Catching Cheaters in Video Games with a Low False-Positive Rate
Here at Anybrain, we are currently focused on perfecting a cheat detection system based on player behavior analysis, without affecting the experience of legitimate players.

Simply put: players click their mouses, tap their keyboards, and we analyze the way they do so. Do cheaters behave differently? Yes!
Before analyzing the data, we have to decide how to structure it. Some relevant questions are:
- Are the phenomena in human-computer interaction correlated in time?
- Can we simply create aggregational features to summarize the interactions?
These questions are important because their answers affect the structure of the data we train our models with. For example, if there are temporal dependencies in the interactions, we would want to use a model capable of capturing them.
We ought to have a generic data pipeline that supports different approaches and a process to find the best models for any game on any platform, given a set of goals such as a low false-positive rate.
This post is not meant to present the best data structure to use, nor the best data collection method. Today, we share some thoughts on:
- An example of a data structure we might have — Multivariate Time Series.
- The tools we’re using to develop deep learning models and finding the best architectures;
- The methods for validating results, knowing they’ll hold up for new users and prioritizing a low false-positive rate;
- How we plan to deploy these models.
The Data — Multivariate Time Series
There are several ways we can represent the interaction between the player and the gaming platform. One of them is multivariate time series. These consist on fixed-length sequences where each element is an array of measurements. For the sake of this post, it is not necessary to know what each feature represents, so we won’t dive into that matter.

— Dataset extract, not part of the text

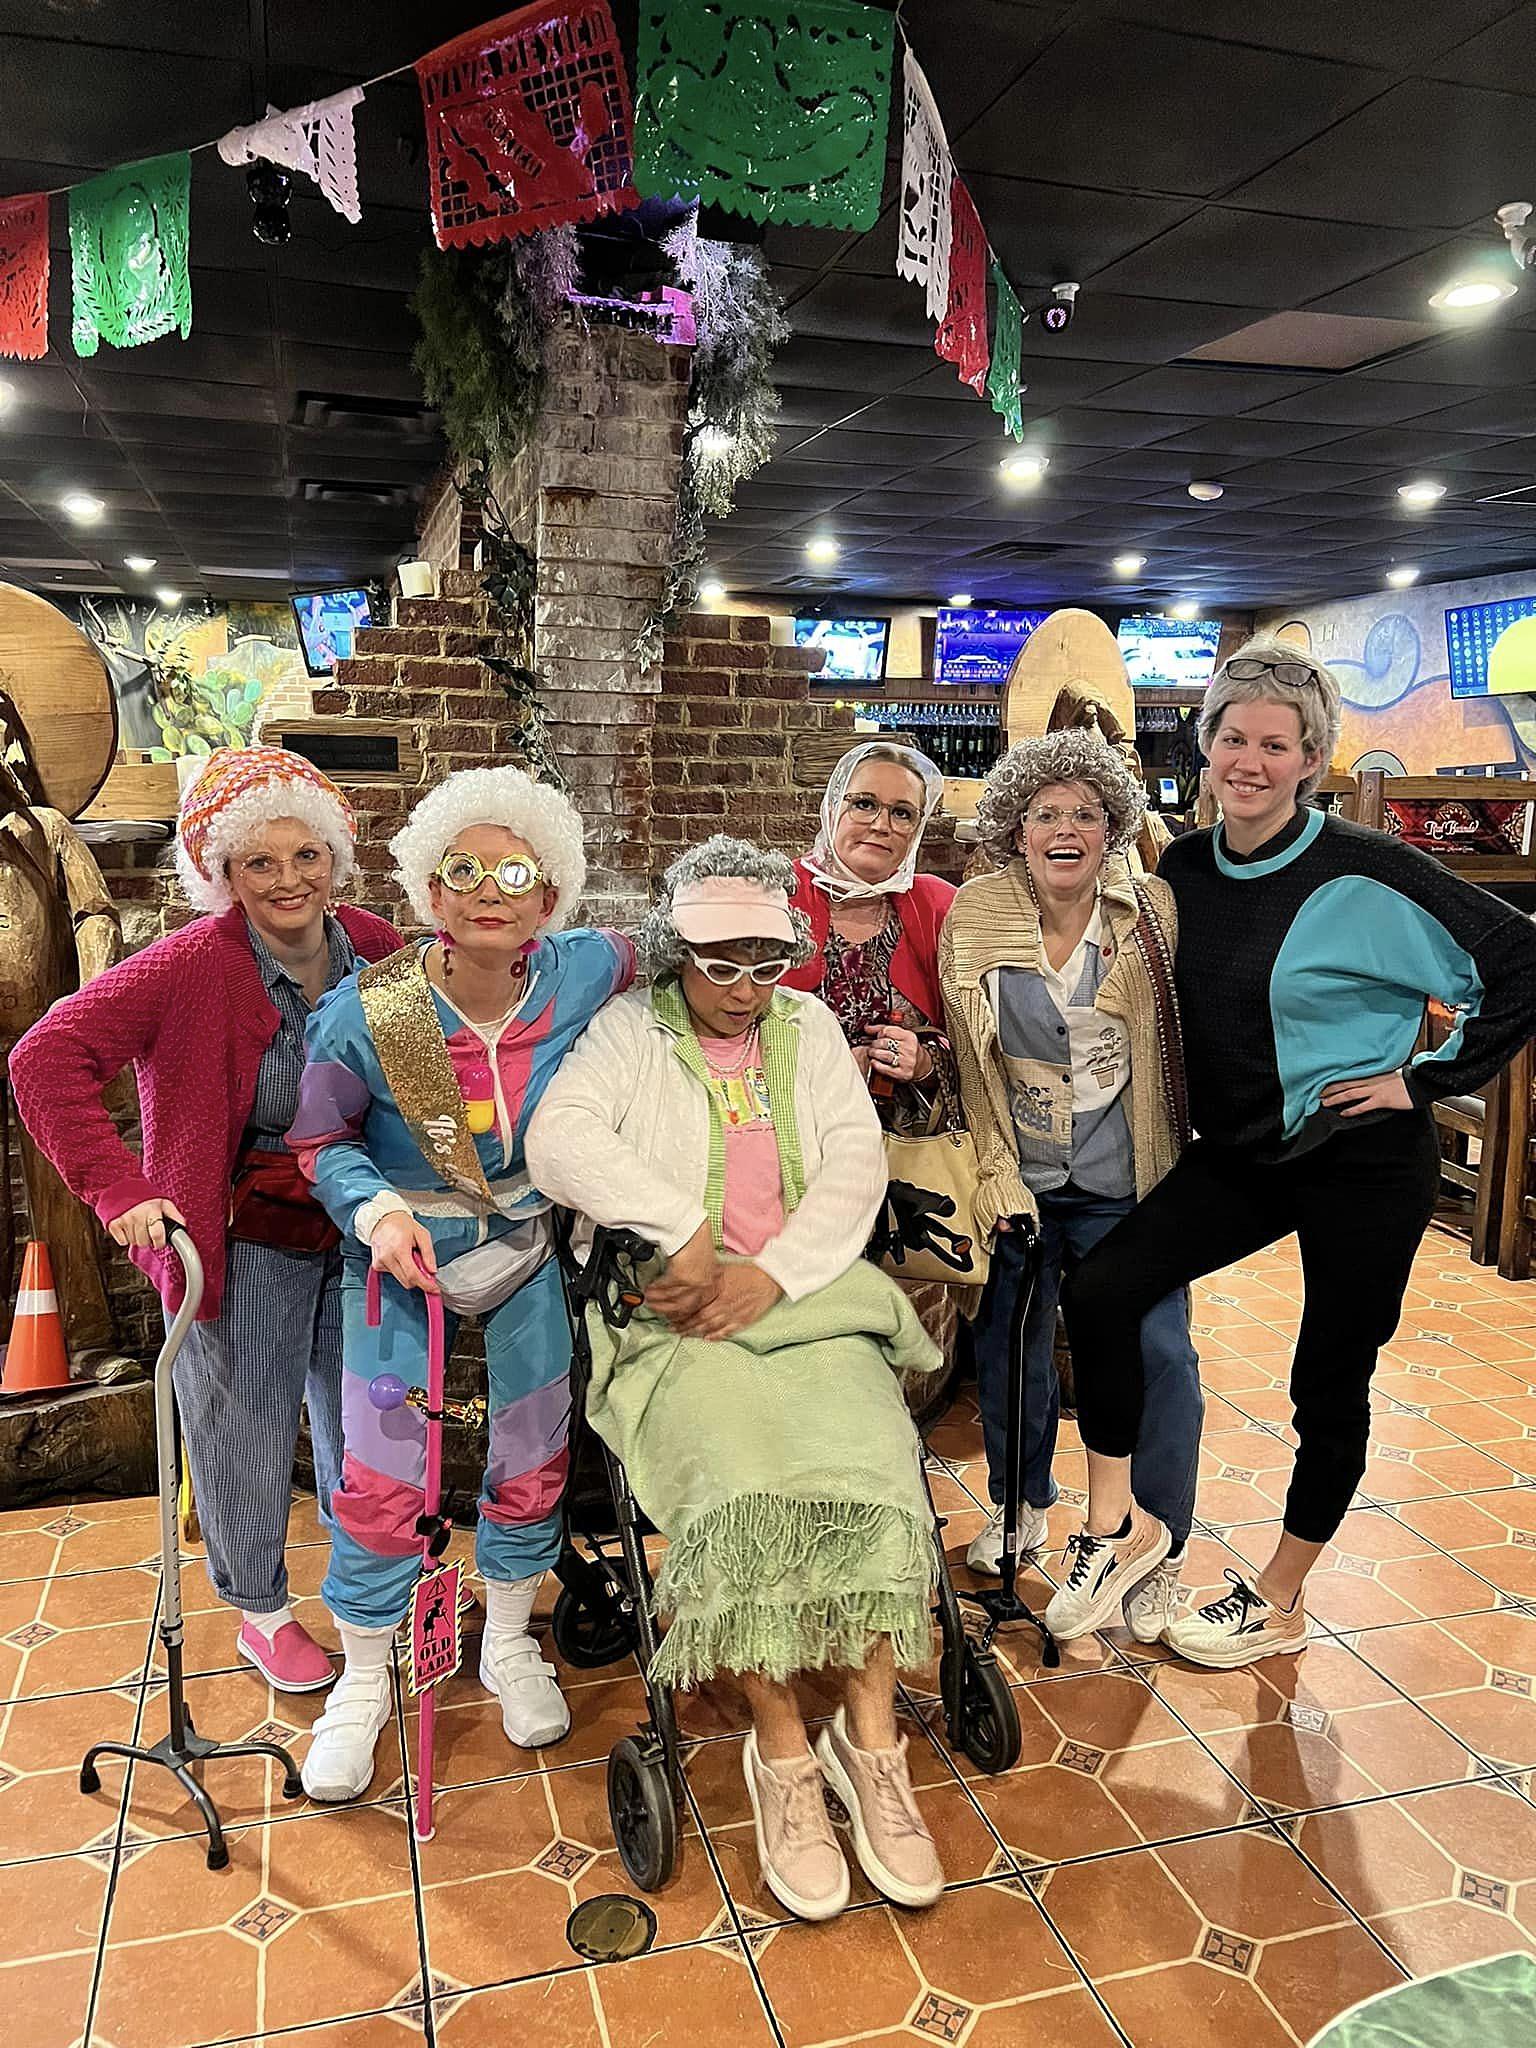 KY Gals Host Granny-Themed Birthday & Their Outfits Are HILARIOUS

Depending on the game and platform being used, the number of features in these time series can change, which affects the optimal model architecture. So how can we set up an architecture that allows for such drastic changes in model architecture?
Deep Learning with Tensorflow and Keras
In Deep Learning, backpropagation allows using the same objective function in neural networks with completely different architectures. Frameworks such as Tensorflow and APIs like Keras let us effortlessly implement these architectures (involving LSTM or convolutional layers, for example) with varying levels of complexity, but we still need a way of finding the best architecture for each model.

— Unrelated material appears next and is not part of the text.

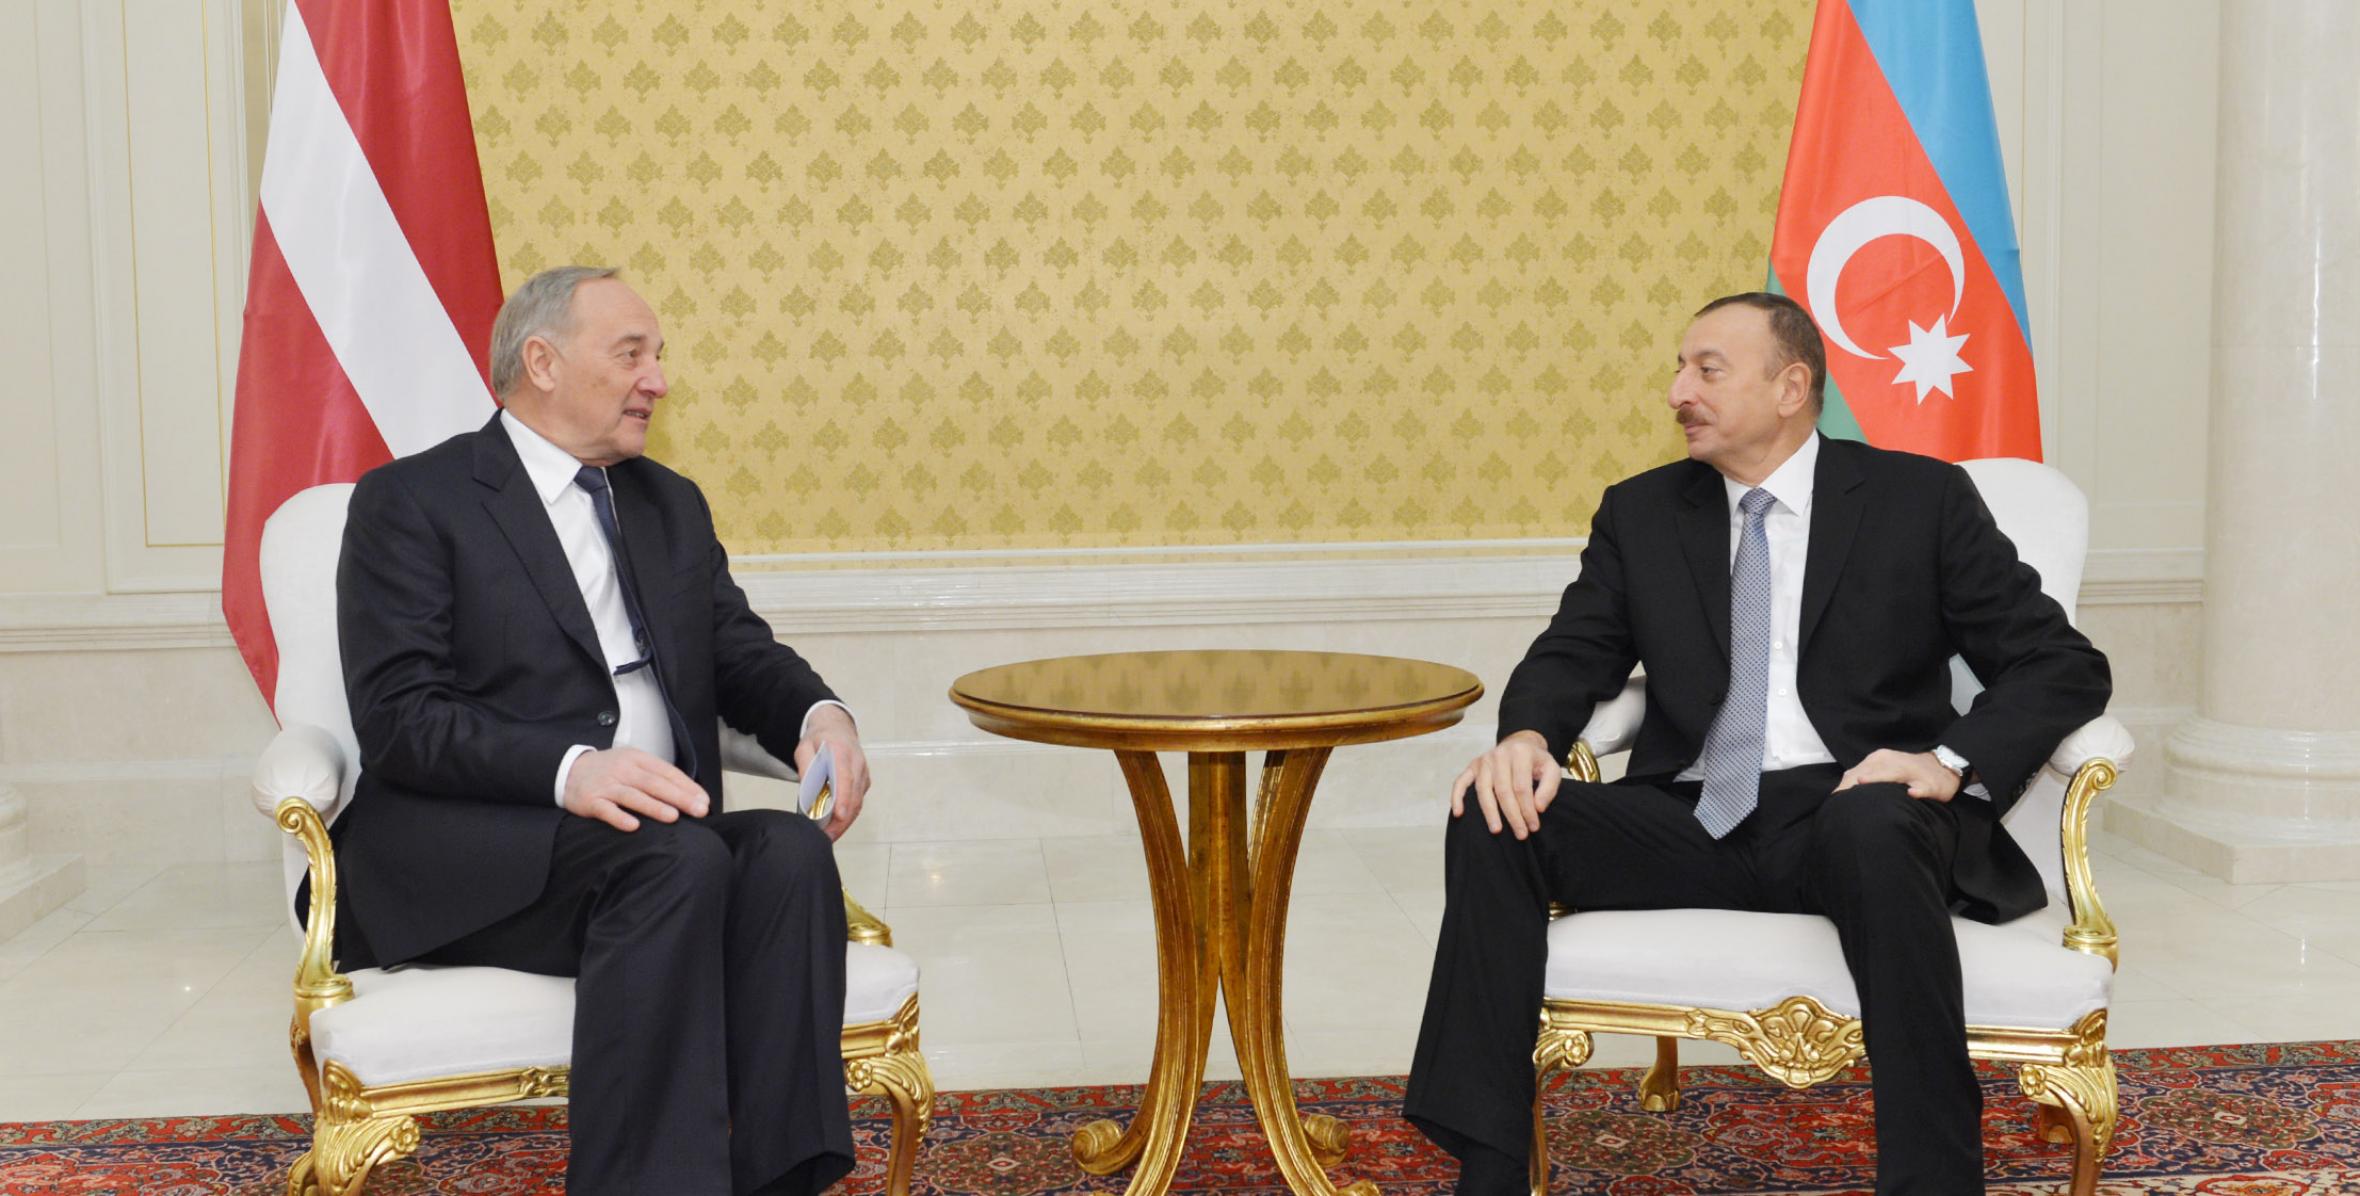 Ilham Aliyev held a one-on-one meeting with President of the Republic of Latvia Andris Berzins

We could do this by performing a traditional grid search, or by implementing our own evolutionary algorithm, but we came across Optuna, which provides an excellent hyper-parameter search through a simple API.
In this example, we use Optuna locally and in-memory, but this library can work in a distributed fashion, by managing and keeping track of the search trials in an SQLite database.

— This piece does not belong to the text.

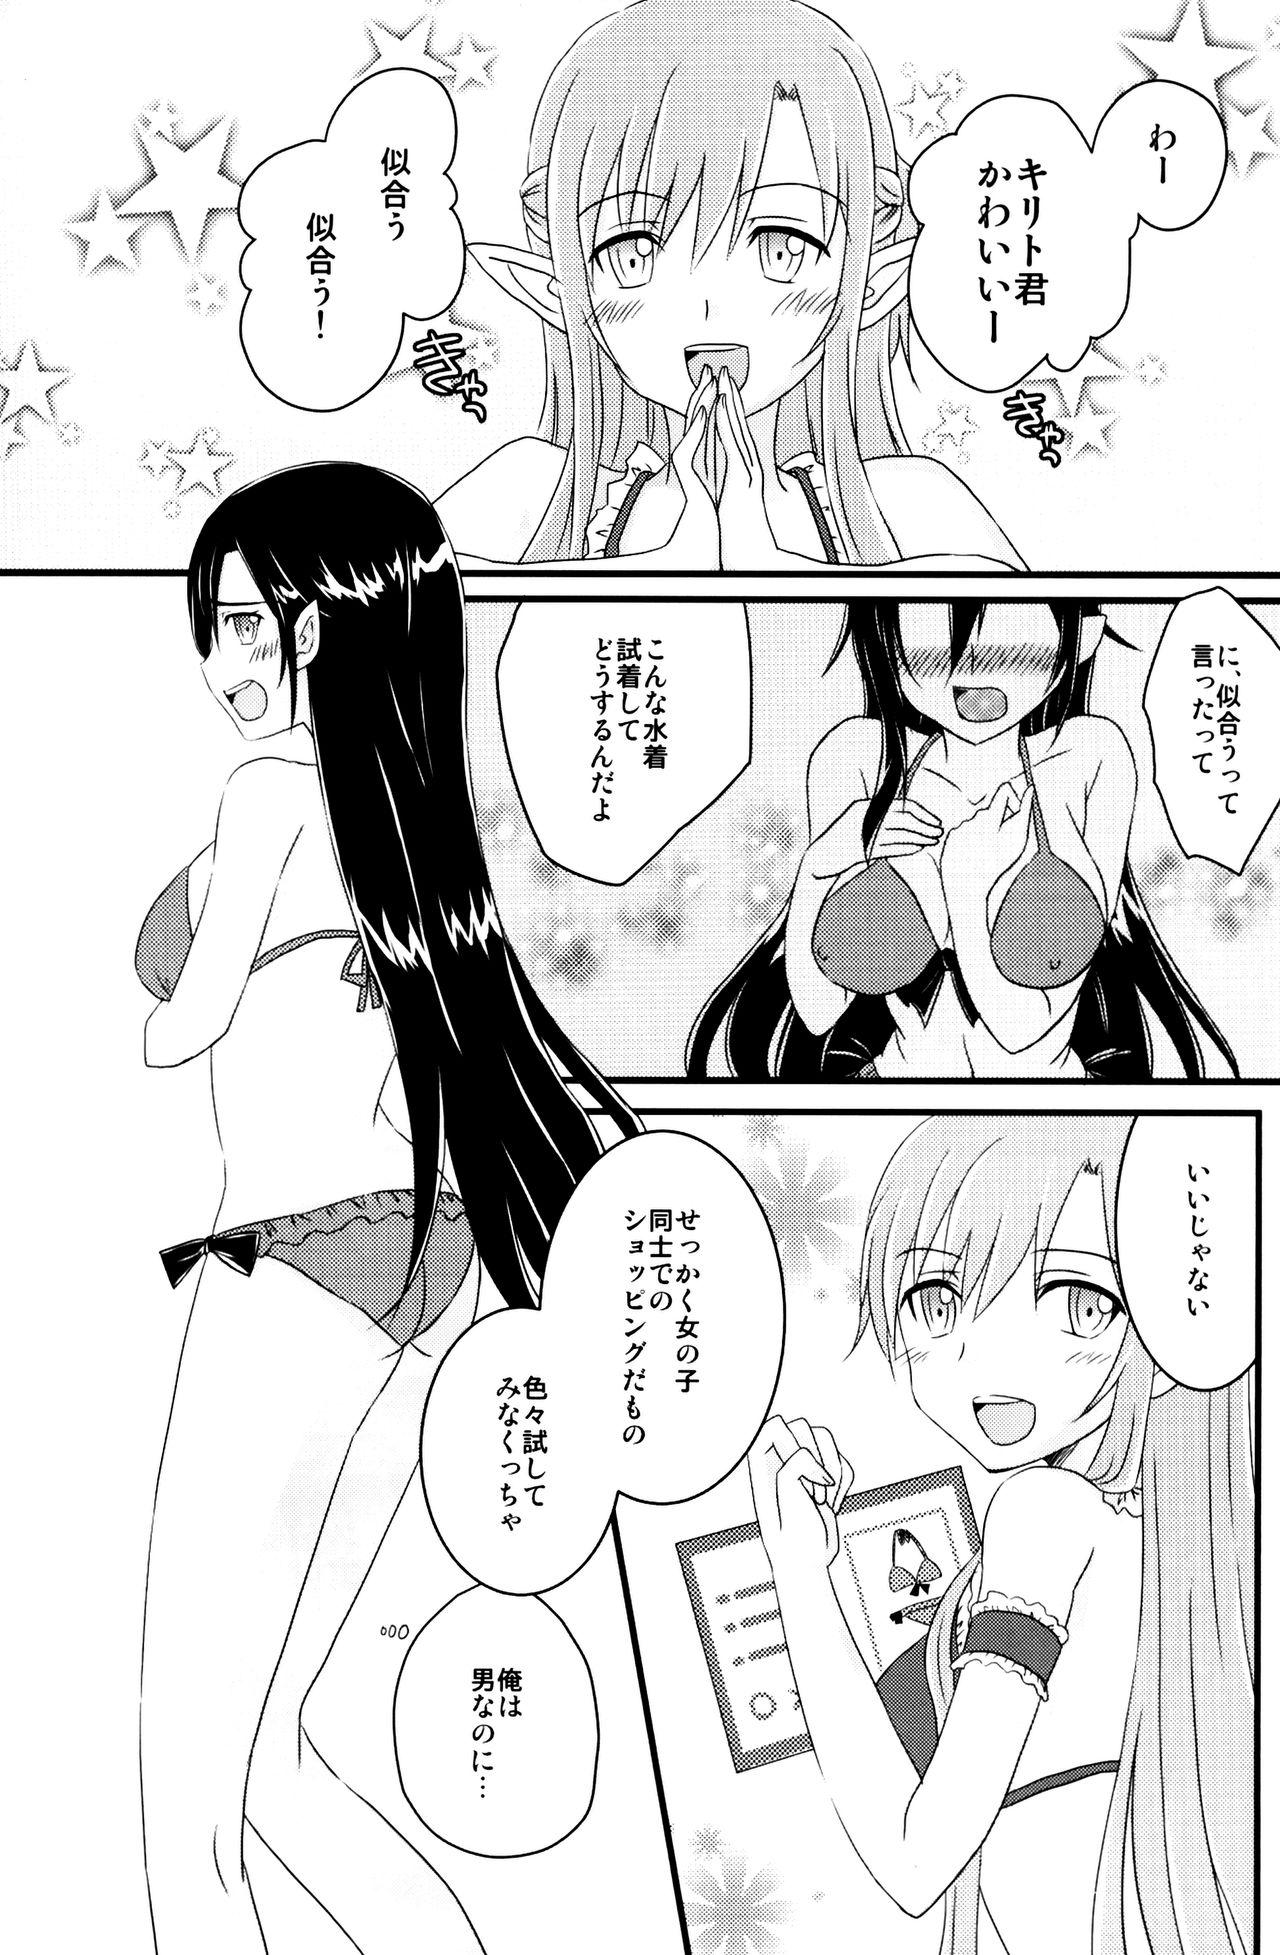 With Kiriko-chan to Asobou! 3 - Sword art online Ano - Page 2

Player-centered Cross-Validation
In many tutorials and even scientific papers addressing cheat detection in video games, we see a rudimentary validation process that doesn’t account for the need for the model to work with unseen players.

If we test our models for players with data in the training test, how do we know that we can catch new cheaters? This is important especially when we consider that many cheaters might be new to the game.
In this sense, we adopted a simple strategy to solve this problem: we simply leave one player (or a set of players) out of the training data.

We’ve been seeing exciting results. Our models make a clear distinction between cheating and normal behavior.
An important step before deploying a model is to choose a threshold. In other words, to define the point above which a prediction is considered a cheating occurrence. If our predictions range between 0 and 1, our first thought would be that the best boundary is 0.5, but that is rarely the case. In fact, there various criteria for choosing the best threshold. We prioritize a low false-positive rate, to minimize false accusations on legitimate players. This approach can, to a certain extent, compromise the model’s sensibility. However, given that our models have been making a good distinction between legitimate and fraudulent behavior, we can afford to do this and still detect cheaters.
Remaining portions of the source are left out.